In 1994, Odeh filed for a US visa to visit relatives in Michigan. In her application, she did not mention her past convictions or involvement in terror.

Ten years later, she requested American citizenship. In this application, too, she did not mention her previous involvement in terror or her conviction. If she had, US law would have prevented her from entering the country in the first place.

In 2014, Odeh was tried in Michigan for unlawful procurement of naturalization by not revealing the charges filed against her in an Israeli military court. She was convicted and sentenced to 18 months in jail and deportation, but the 6th US Circuit Court of Appeals annulled that conviction in February 2016.

Another trial was set to be held, but Odeh signed a plea bargain with the prosecutors.

During the trial, Odeh refused to say she was "guilty" despite the judge's continued requests.

"To sign this [the plea bargain - ed.], it makes me guilty," Odeh said.

The judge eventually accepted as admission of guilt her statement that, "The agreement says I am guilty and I signed it."

Odeh also said her 1970 conviction came after she suffered 25 days of sexual assault, and claimed she lied to US authorities because she suffered from PTSD.

However, in her plea agreement, Odeh signed that she made the false statements on her immigration and naturalization forms "intentionally and not as a result of any mistake, Post Traumatic Stress Disorder or any other psychological issue or condition or for any innocent reason."

"The United States will never be a safe haven for individuals seeking to distance themselves from their pasts," Steve Francis, Homeland Security Investigations' special agent in charge for Detroit, said on Tuesday in a statement. "When individuals lie on immigration documents, the system is severely undermined and the security of our nation is put at risk."

Protests were held outside the court and supporters held signs saying, "We demand justice for Rasmieh!"

One person stood opposite them holding a sign supporting the students who were killed in the Jerusalem terror attack.

"Justice for Rasmieh's murdered victims!
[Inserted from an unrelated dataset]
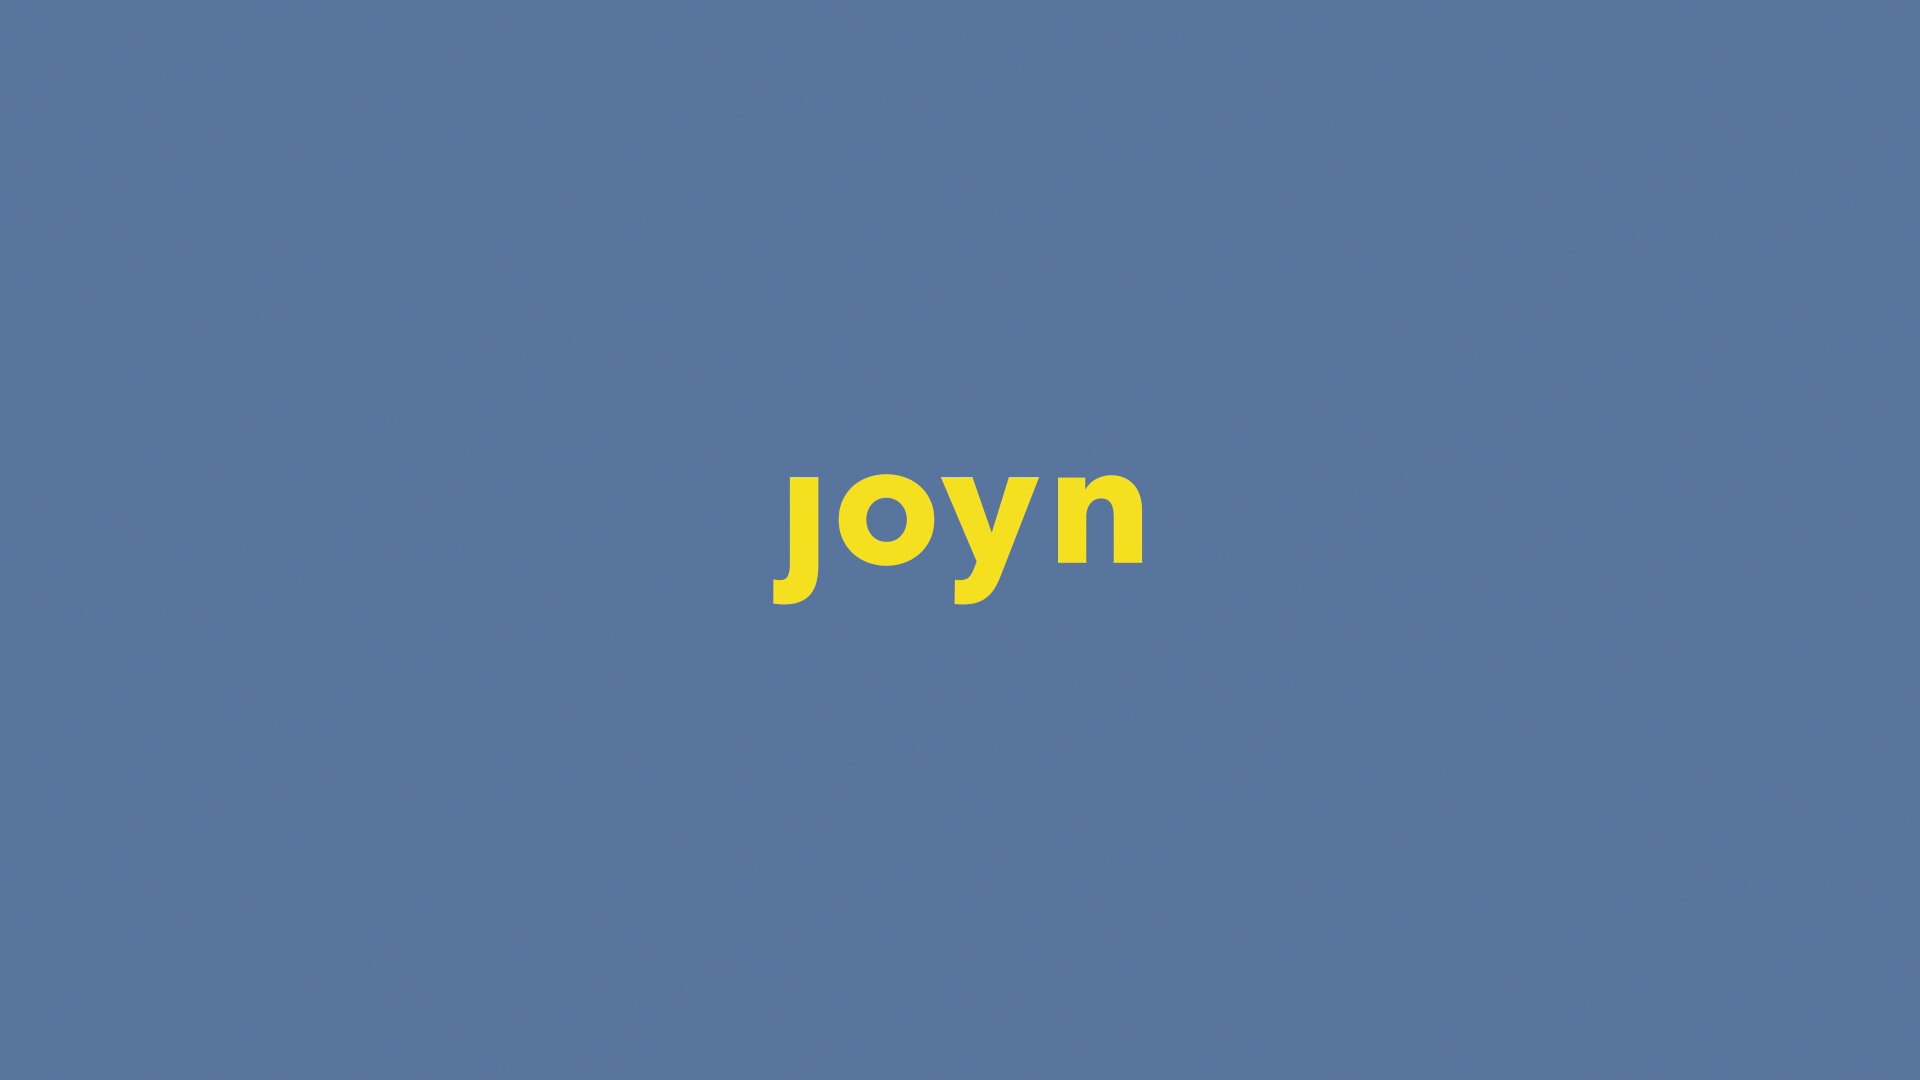 JOYN_4.jpg
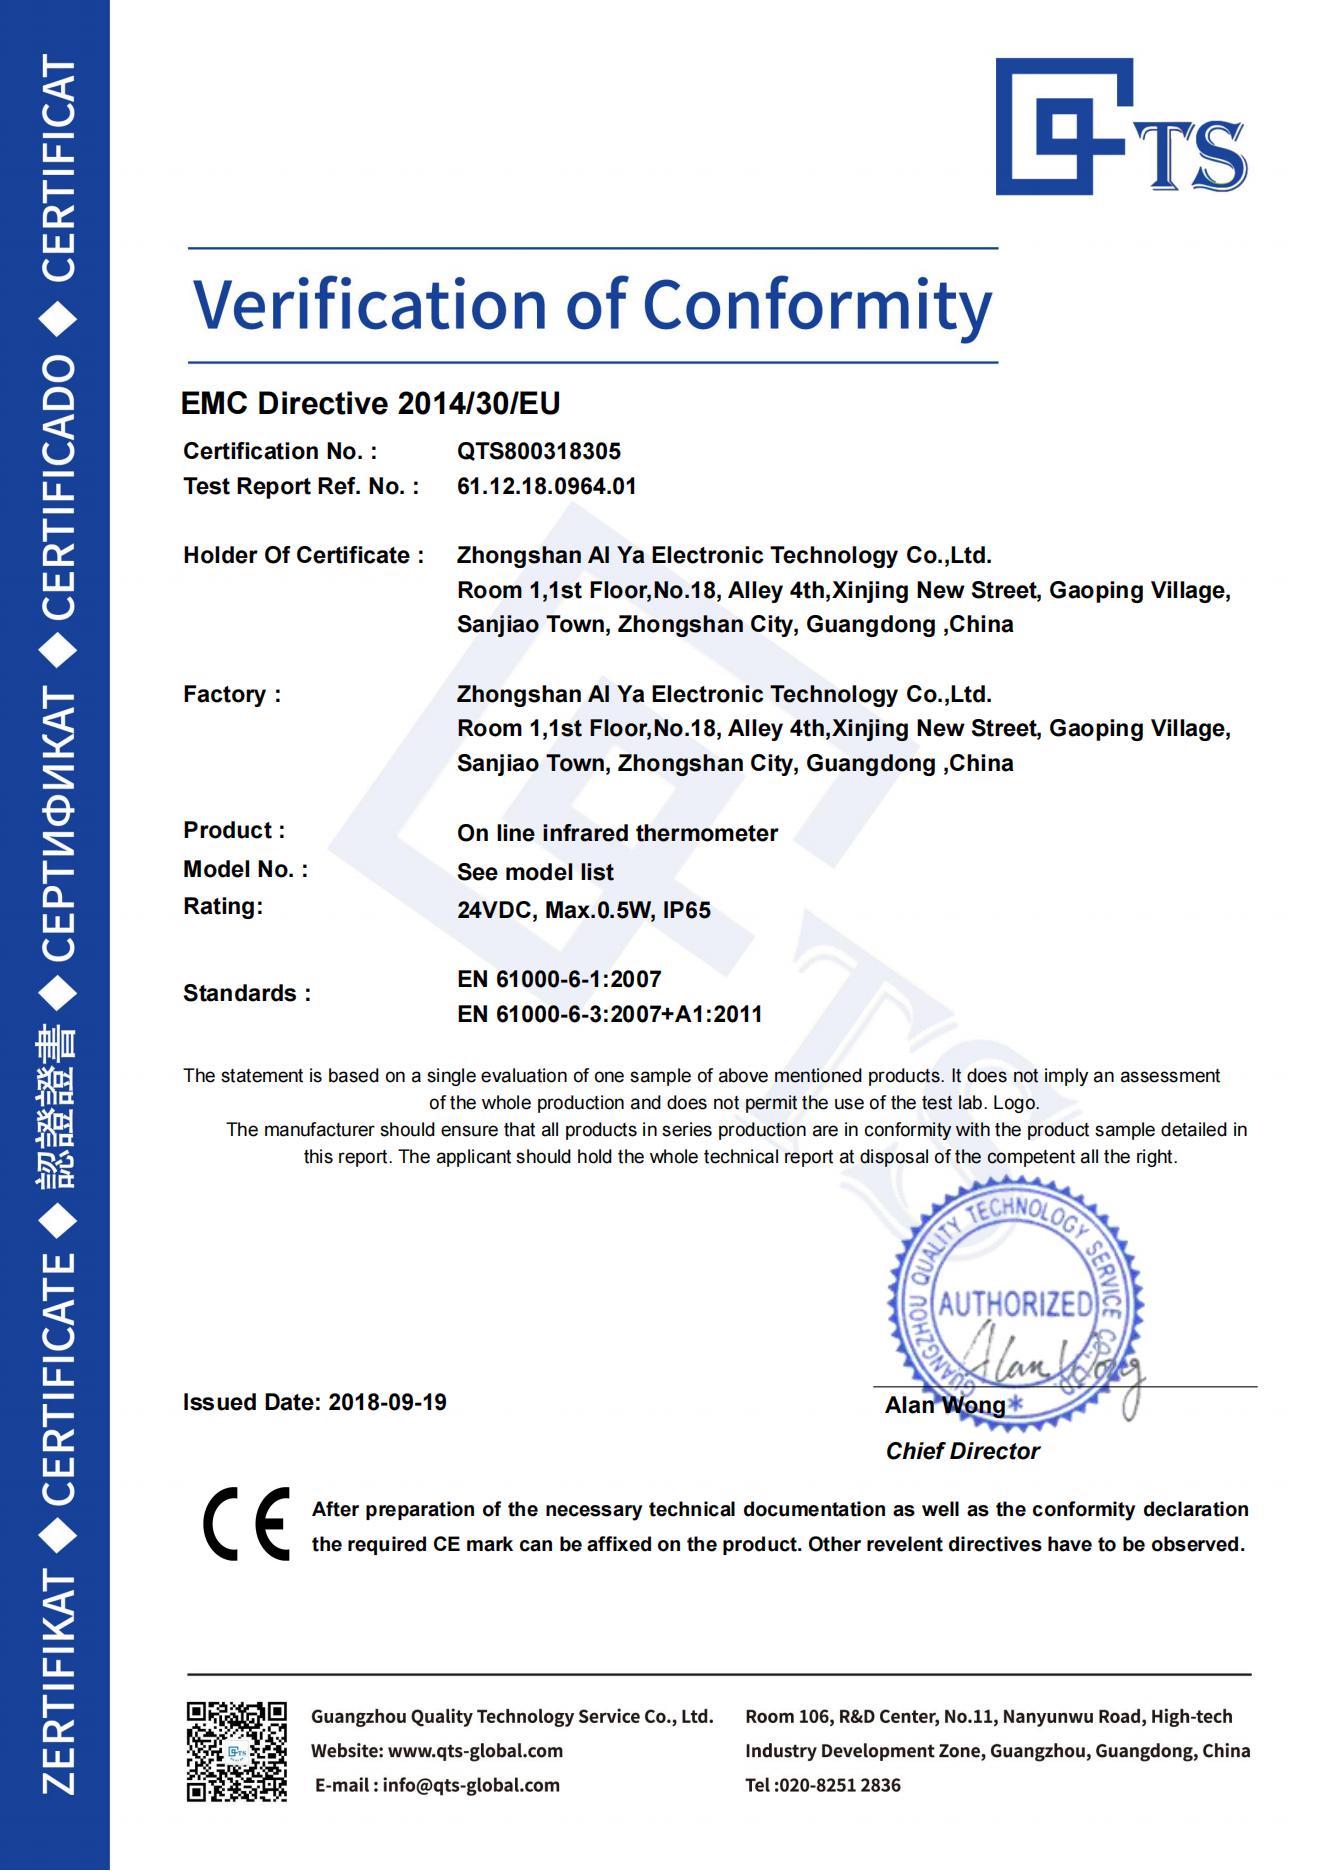 广州华洪短小型红外测温仪IS-DT系列获得CE证书

I remember Eddy and Leon, and I'm here for their families," the sign said.

Odeh is associate director of the Arab American Action Network (AAAN) in Chicago, which works to aid the city's Arab population. She is well respected in her community for her work with immigrants and Arab women. The director of AAAN Chicago said outside the court that, "The only thing she's guilty of is devoting over 50 years of her life to freeing Palestine."

Odeh will be stripped of her US citizenship and expelled to Jordan or another country after her sentencing hearing on August 17.